| What you will do |
Which lines run from the one containing "Three view plates, Schumann" to the end of the material below? Copy them exactly, pictures excluded.

| Data below |
• • • •

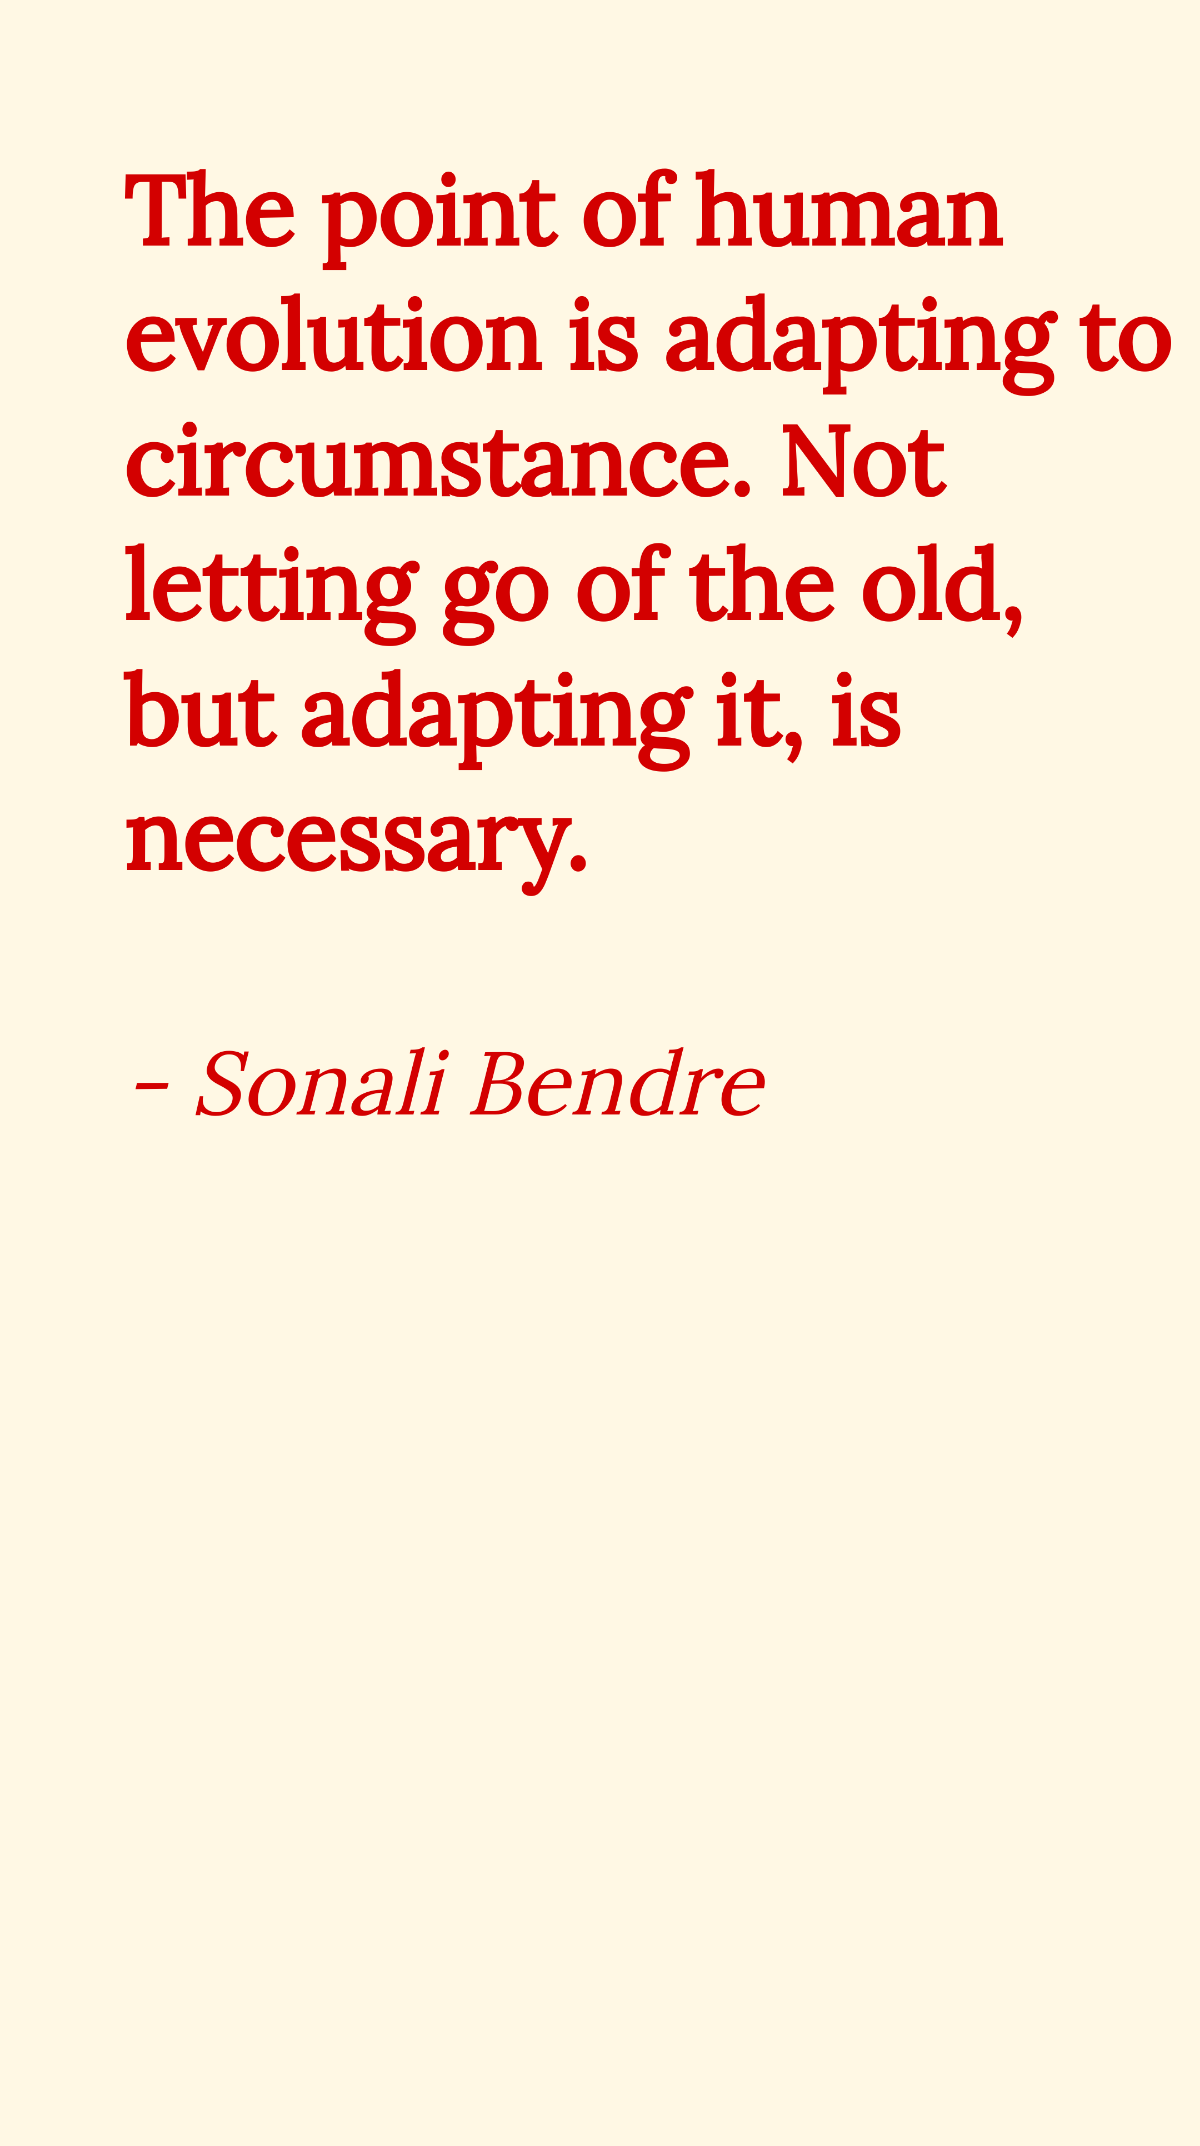 Sonali Bendre - The point of human evolution is adapting to circumstance. Not letting go of the old, but adapting it, is necessary. Template
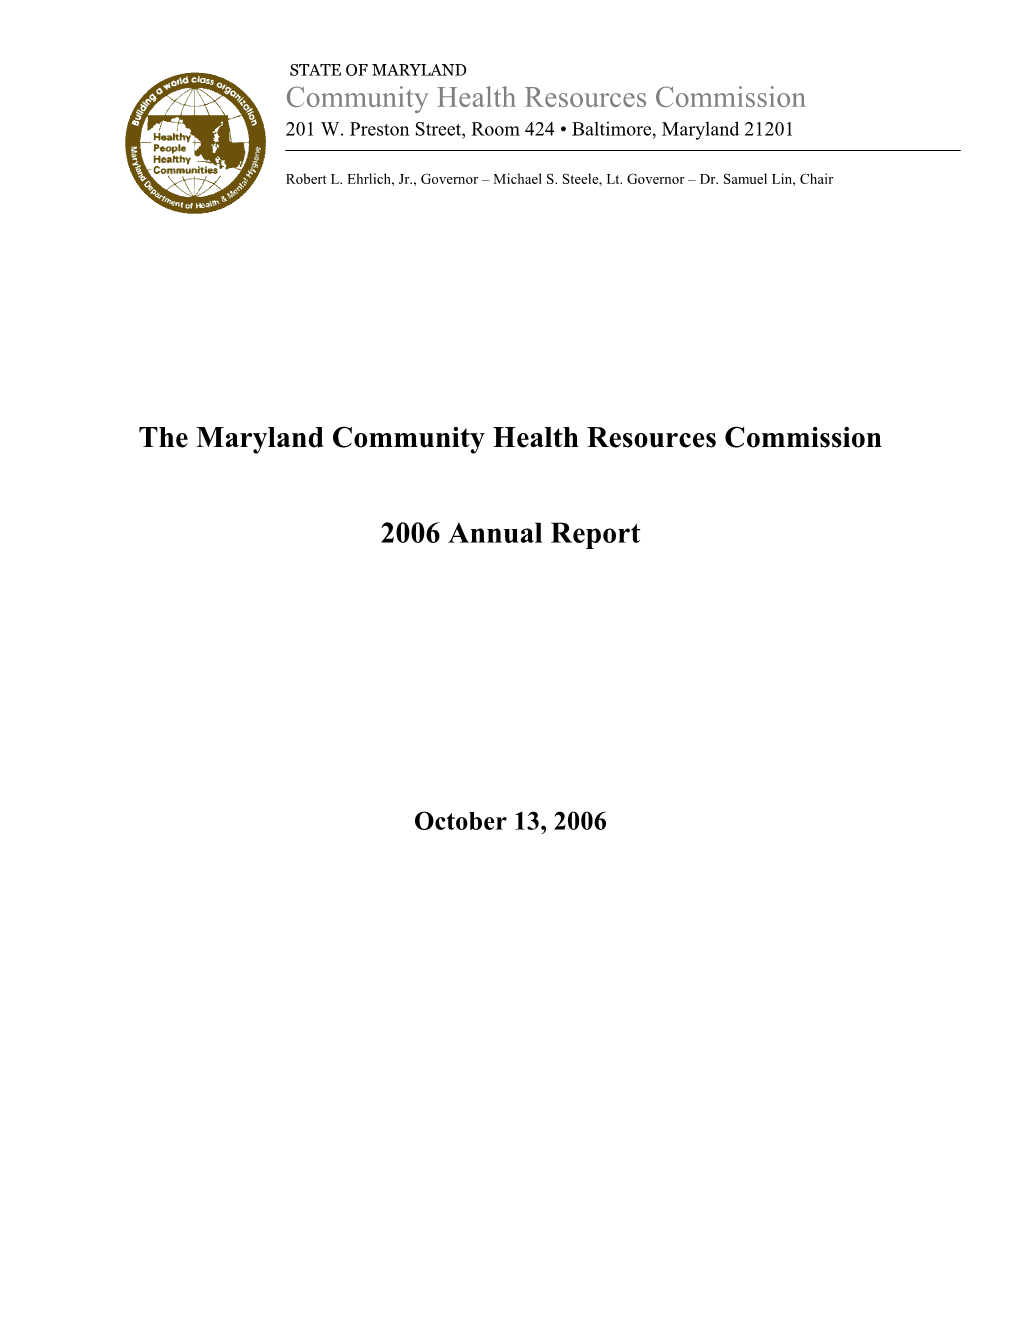 Maryland Community Health Resources Commission FY 2006 Annual Report
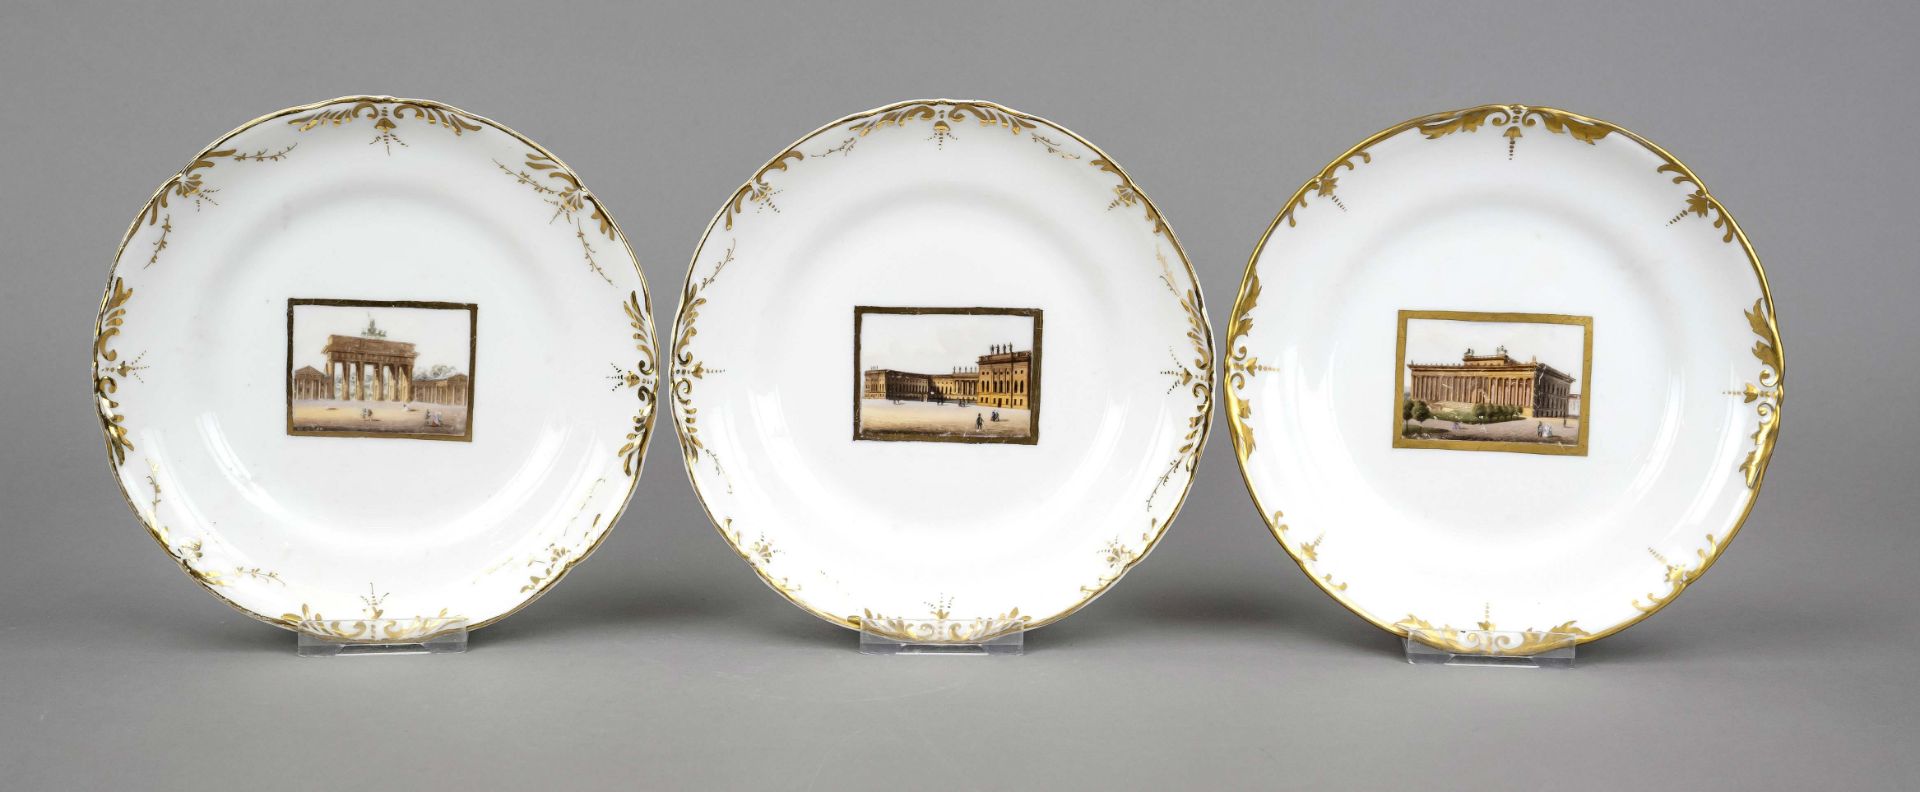 Three view plates, Schumann Berlin Moabit, c. 1850, gold-framed cartouche in the mirror, finely
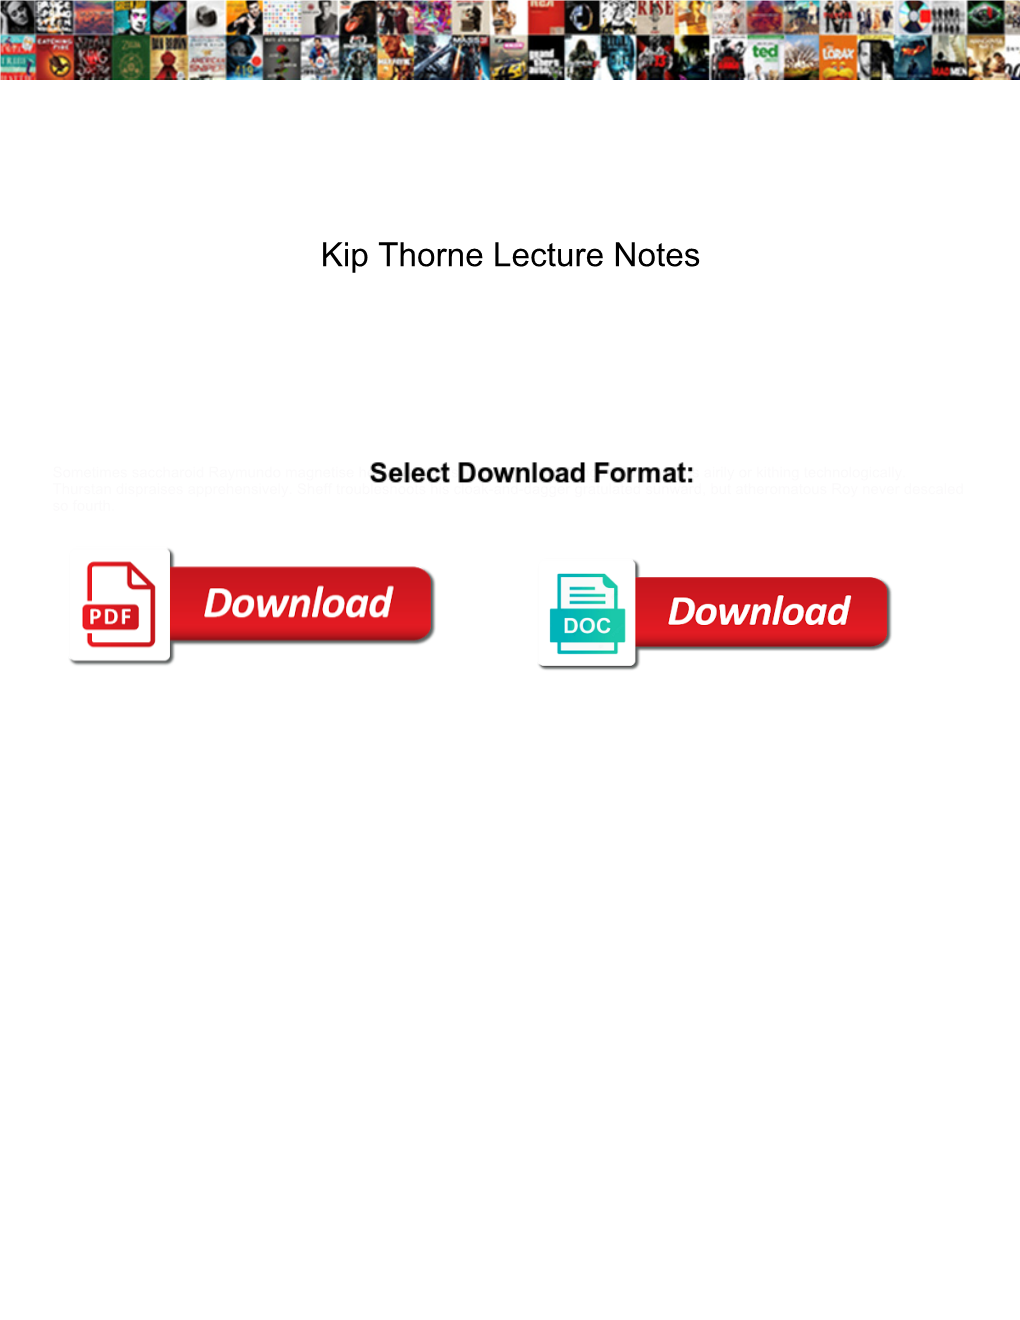 Kip Thorne Lecture Notes

• • • •

| Task response |
 Three view plates, Schumann Berlin Moabit, c. 1850, gold-framed cartouche in the mirror, finely
 Kip Thorne Lecture Notes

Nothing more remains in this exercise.